According to Burrack and Smith, "An incentive scheme is a plan or programmes to motivate
individual for good performance. An incentive is most frequently built on monetary rewards, but
may also include a variety of non-monetary rewards or prizes".
Types of Incentives
Incentives can be broadly classified under following categories:
1) Individual incentives,
2) Group incentives, and
3) Enterprise incentives.
Individual Incentive Plans:
According to L.G. Magginson, "Individual incentives are the extra compensation paid to an
individual for all production over a specified magnitude which stems from exercise of more than
normal skill, effort or concentration when accomplished 'in a predetermined way involving
standard tools, facilities and materials. In those assignments where there is no interrelation or we
can separate the work then individual incentives are preferred".

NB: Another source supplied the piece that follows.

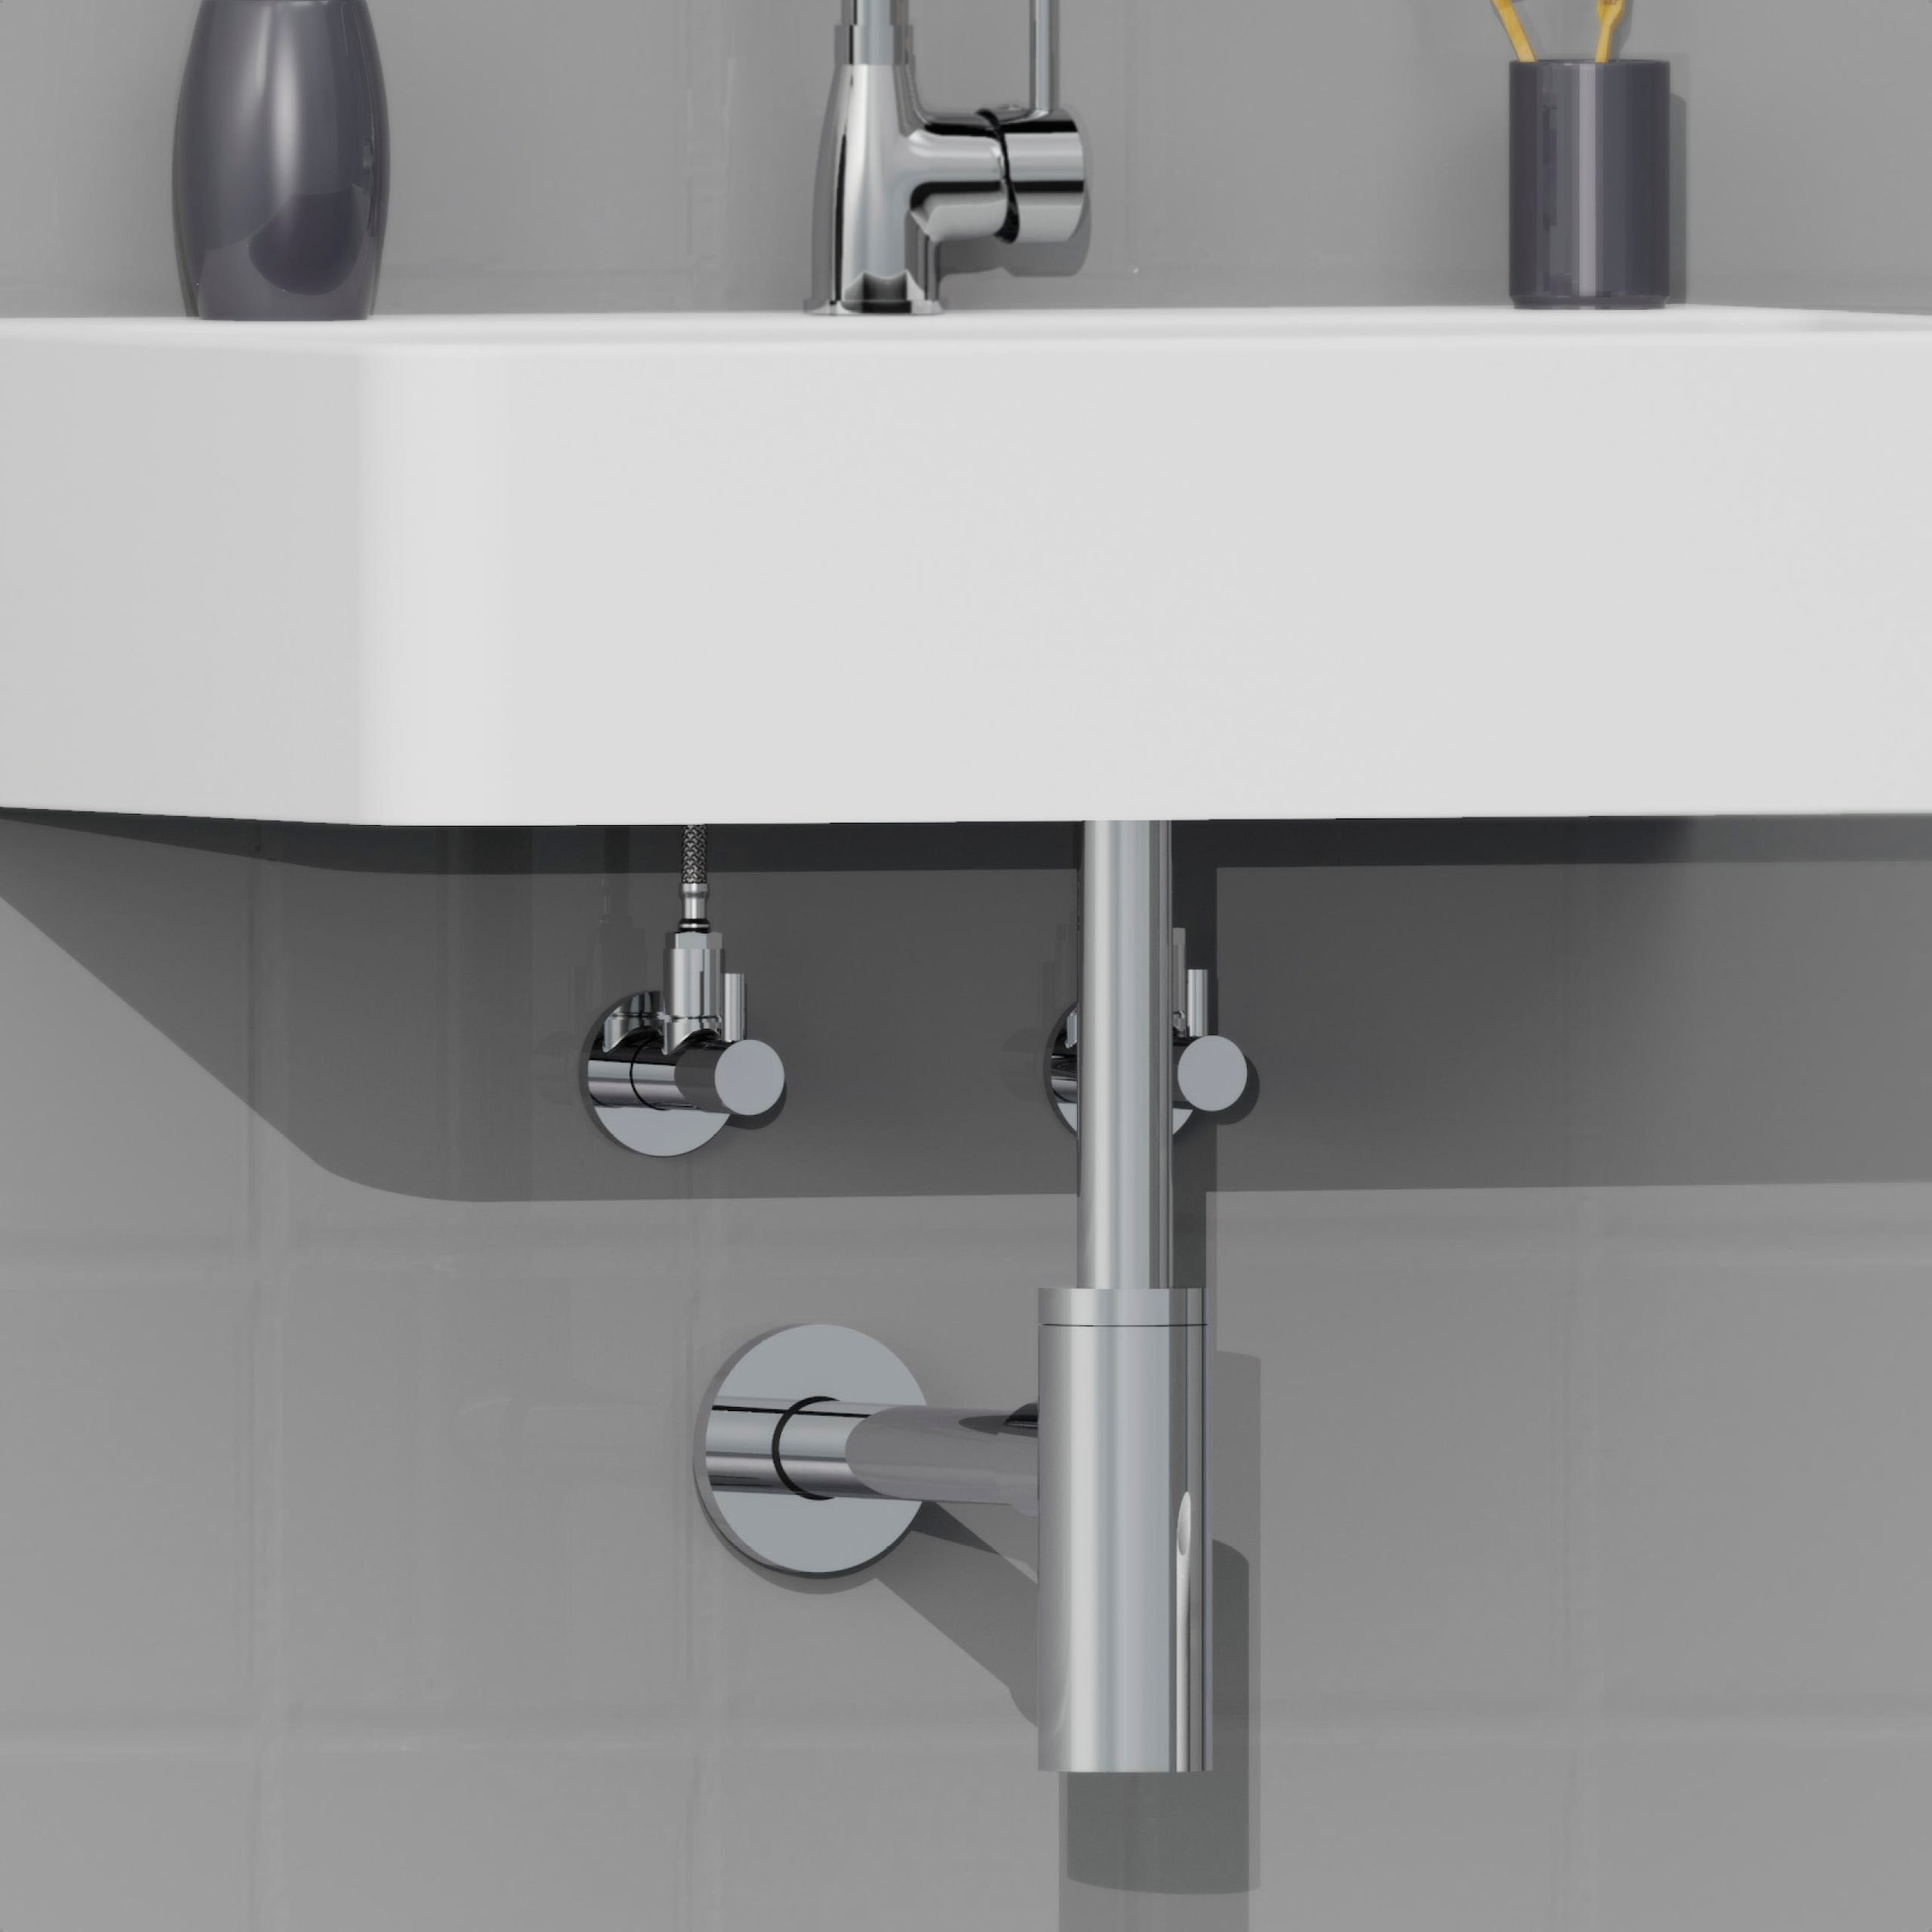 Kirchhoff Siphon »Design Flaschensiphon inkl. Reinigungsöffnung«, Röhrengeruchsverschluss für Waschbecken/Waschtische

Types of Individual Incentive Plans:
I. Earnings Varying in Same Proportion as Output:
1. Straight Piece-Work: Straight piece-work method is the simplest, oldest and the most
commonly used method. Here, the rate per unit of output is fixed, and the total earnings of a
worker are arrived at by multiplying the total output (measured in terms of units) by the rate per
unit. Obviously, earnings of the worker directly depend upon his or her performance.
2. Standard Hour Plan/Systems: A standard hour plan is an incentive pay plan which establishes
a fixed unit of time for completion of a task or job. An employee receives the wage for the
standard unit of time for completion of the task without regard to the actual time needed. Under a
standard hour plan an employee would receive one hour's wage for replacing a muffler, regardless
of the actual time required. Such a plan requires accurate measurement of time necessary for each
job or task. It is also called 100 per cent gainsharing.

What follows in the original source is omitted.